BMI: body mass index; AMP: Amputee Mobility Predictor (scored at study enrollment with subjects’ own non-microprocessor knee); NMPK: non-microprocessor knee; SAH: single-axis hydraulic; ESAR: energy storage and return; WC: wheelchair; IC: ischial containment; Quad: quadrilateral WASC: weight-activated stance control; SACH: solid ankle cushion heel; PCH: polycentric hydraulic.
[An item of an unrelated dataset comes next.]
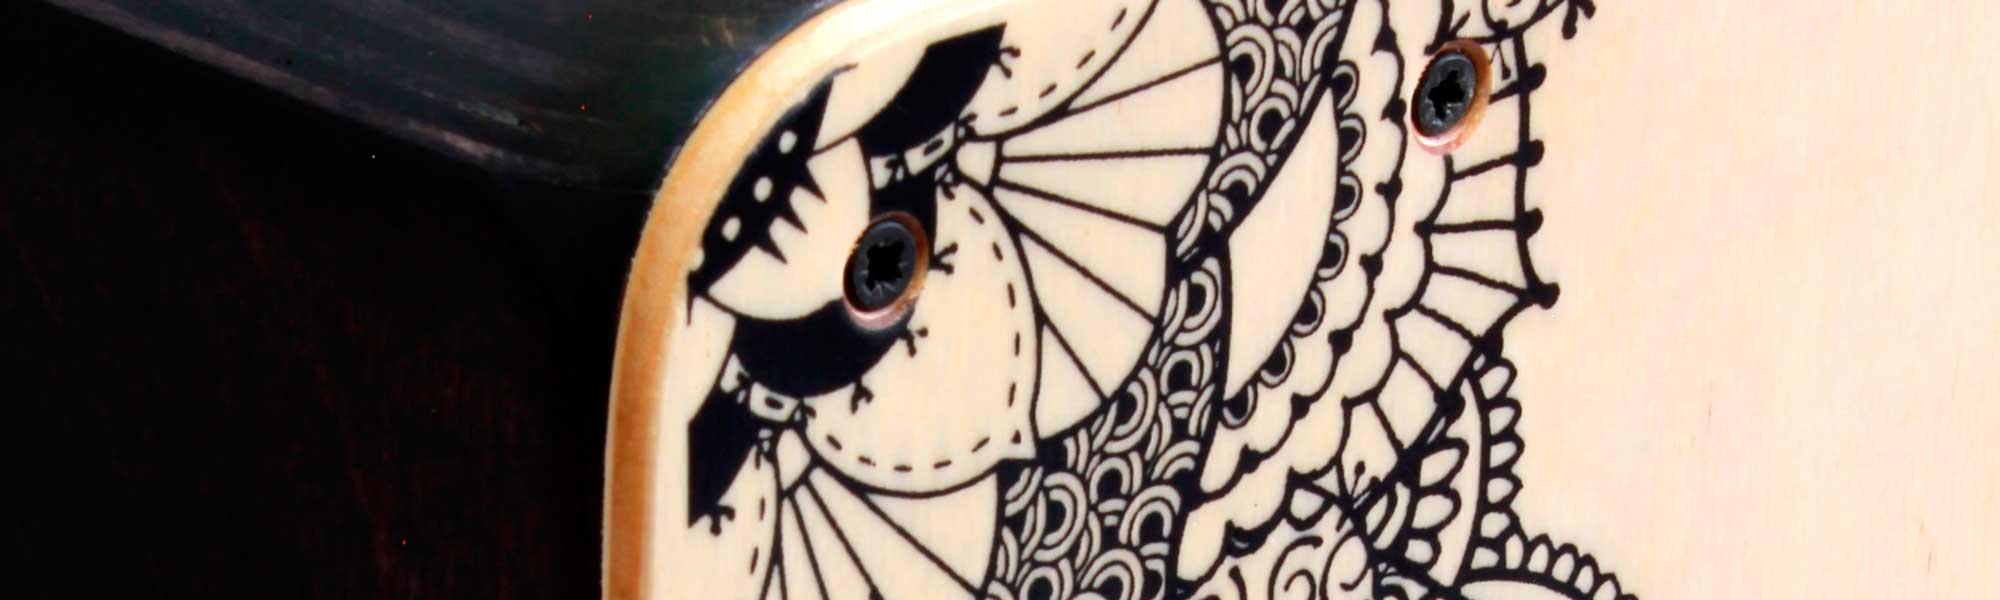 Personaliza tu cajon flamenco

Subjects S1–S4 were in the BAB group and subjects S5–S7 were in the ABA group.
Data processing
The data from the electronic walkway for each weekly session were processed using a custom program written in MATLAB® (Mathworks Inc., Natick, MA) to derive stride length (cm), instantaneous stride cadence (strides/min), step width (cm), and the percent of the gait cycle spent in early double-support and single-limb stance. Instantaneous stride cadence was calculated from individual stride times. Parameters were calculated with the prosthetic side as the lead foot. In addition to providing evidence of altered gait in prosthesis users, these parameters were selected because they are minimally affected by changes in speed, incorporate all speeds, or could be normalized to either speed or gait cycle. This limited the impact of differences in the self-selected speeds over multiple assessment sessions.18–21
For each session, the stride length–cadence relationship was calculated by plotting each stride length and cadence data pair across the three self-selected speeds and then deriving the coefficient of determination (R 2 ) of the regression line to evaluate the goodness of fit of the linear relationship. 18
Statistical analysis
The “non-overlap of all pairs” (NAP) method was used to assess differences between phases A and B (i.e. NMPK vs MPK). NAP is a non-parametric, statistical method that builds on earlier percent overlap analysis methods developed for single-subject studies and is considered a promising new approach to classic small-n analysis.11,22–24 NAP differs from previous percent overlap methods by making comparisons between each data point rather than comparisons based on summary data or selected points. In leveraging the entire data set, the calculation relates more closely to common effect size calculations providing stronger statistical support for the results than other single-subject analysis methods. 22
NAP determines the percent of data points from one phase that has larger values (ranks) than data points in adjacent phase. The final metric is the NAP percent, which is calculated in a few simple steps (Figure 1). First, each individual data point in the given phase (e.g. B, intervention) is compared to each data point in the adjacent phase (e.g. A, baseline). The score is assigned depending on whether the B point is higher (1), lower (0), or identical (0.5) to each A point (the score values can be reversed if the decrease in outcome is of interest). Next, scores for each B point are summed into a point non-overlap score and all point non-overlap scores are summed into the non-overlap total (see table in Figure 1). The non-overlap total is divided by the total number of comparisons to arrive at the NAP percent (typically reported as 50%–100%). Interpretation of the NAP percent is analogous to the area under the curve from a receiver operating characteristic curve. 22

Non-overlap of all pairs (NAP) calculation. This illustration and table provide an example of the NAP calculation between two phases A (e.g. baseline) and B (e.g. intervention). First, a comparison is made between each point in the B-phase and each point in the A-phase by assigning a value of 1 if B higher than A, 0 if B smaller than A, and 0.5 if B equals A (see the table with crosstab of all A-B pairs and the illustration for graphic comparison of B2 point to all A points). In the next step, the non-overlap for each B-phase point is determined by summing values in each row. The non-overlap total is the sum of values in the last column (12 in this case). Dividing the non-overlap total (12) by the total number of pairs (16) results in the percent of non-overlap (75% here). A larger NAP percentage indicates in this case superior results in the B-phase over the A-phase, leading to the conclusion that intervention resulted in better outcomes in comparison to baseline.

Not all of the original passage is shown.